Let's use AngelSharp
to parse the raw HTML contents to extract the product names and prices. The AngelSharp
library uses LINQ queries to take the path of the elements you want to extract from the raw content.
var jsSelectAllNames = @"Array.from(document.querySelectorAll('h2')).map(a => a.innerText);";
var jsSelectAllPrices = @"Array.from(document.querySelectorAll('span[class=""price""]')).map(a => a.innerText);";
var names = await page.EvaluateExpressionAsync<string[]>(jsSelectAllNames);
var prices = await page.EvaluateExpressionAsync<string[]>(jsSelectAllPrices);
for (int i=0; i < names.Length; i++)
{
Console.WriteLine("Name: {0}, Price: {1}", names[i], prices[i]);
}
The querySelectorAll()
function defines the path of the desired elements. The map()
function is a filter method to iterate over each instance of the given element array to retain only the intertexts.
The EvaluateExpressionAsync()
method evaluates the expressions to extract the products' names and prices in relevant string arrays. It evaluates the expressions, then it extracts and returns the matching results.
And there you have it, a web page successfully scraped with Puppeteer C# crawling library.

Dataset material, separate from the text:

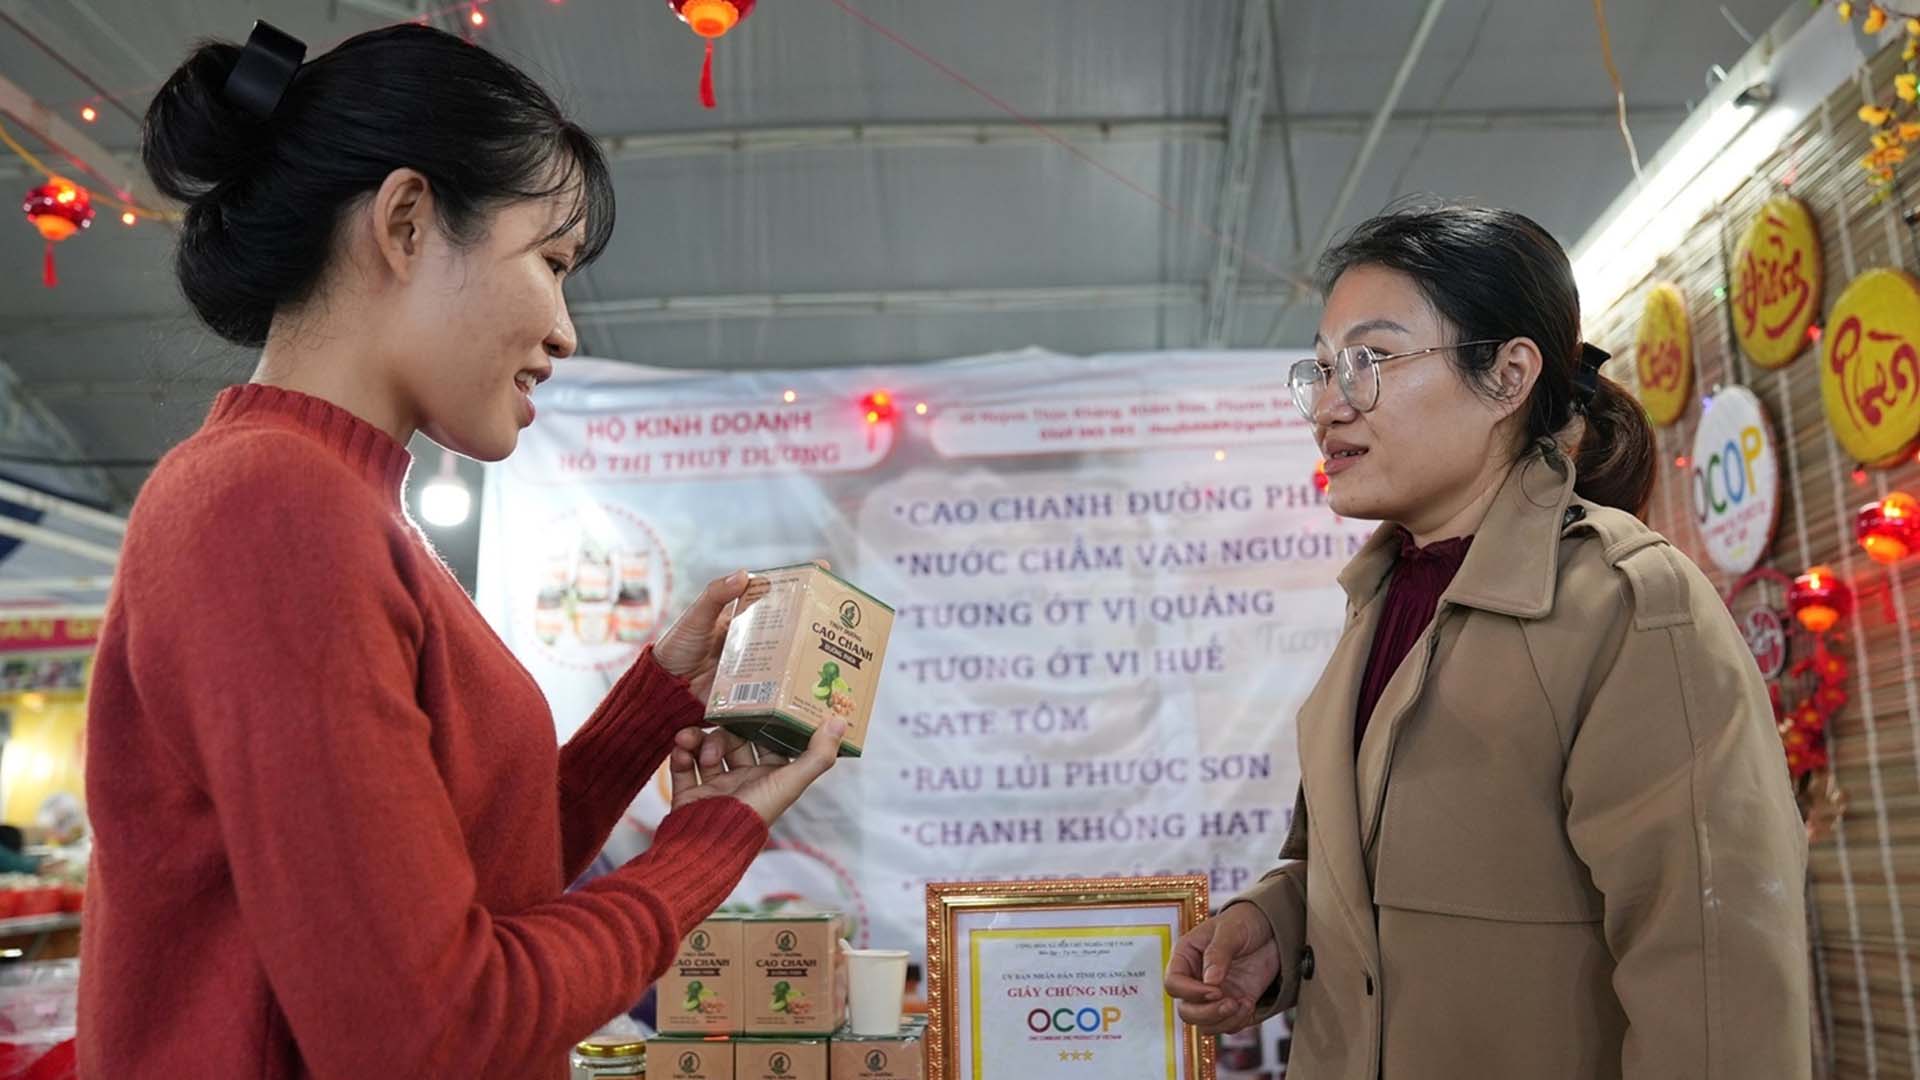 Quảng Nam: Cô gái Gié Triêng khởi nghiệp với cao chanh đường phèn

Name: Abominable Hoodie, Price: $69.00
Name: Adrienne Trek Jacket, Price: $57.00
// ...
Name: Argus All-Weather Tank, Price: $22.00
Name: Artemis Running Short, Price: $45.00
Here's what the full code looks like.
using PuppeteerSharp;
using System;
using System.Threading.Tasks;
using AngleSharp;
using AngleSharp.Dom;
using System.Linq;
using System.Collections.Generic;
namespace PuppeteerDemo
{
class Program
{
static async Task Main(string[] args)
{
// download the browser executable
await new BrowserFetcher().DownloadAsync();
var browser = await Puppeteer.LaunchAsync(new LaunchOptions
{
Headless = true
});
var page = await browser.NewPageAsync();
await page.GoToAsync("https://www.scrapingcourse.com/ecommerce/");
var content = await page.GetContentAsync();
List<Products> products = new List<Products>();
var jsSelectAllNames = @"Array.from(document.querySelectorAll('h2')).map(a => a.innerText);";
var jsSelectAllPrices = @"Array.from(document.querySelectorAll('span[class=""price""]')).map(a => a.innerText);";
var names = await page.EvaluateExpressionAsync<string[]>(jsSelectAllNames);
var prices = await page.EvaluateExpressionAsync<string[]>(jsSelectAllPrices);
for (int i=0; i < names.Length && i < prices.Length; i++)
{
Products p = new Products();
p.Name = names[i];
p.Price = prices[i];
products.Add(p);
}
foreach(var p in products)
{
Console.WriteLine("Name: {0}, Price: {1}", p.Name, p.Price);
}
}
}
class Products
{
private string name;
private string price;
public string Name { get => name; set => name = value; }
public string Price { get => price; set => price = value; }
}
}
3. Selenium WebDriver
Selenium is one of the most used tools for crawling large amounts of data, like photos, links and text. It's ideal for crawling dynamic web pages because of its ability to handle dynamic content produced using JavaScript.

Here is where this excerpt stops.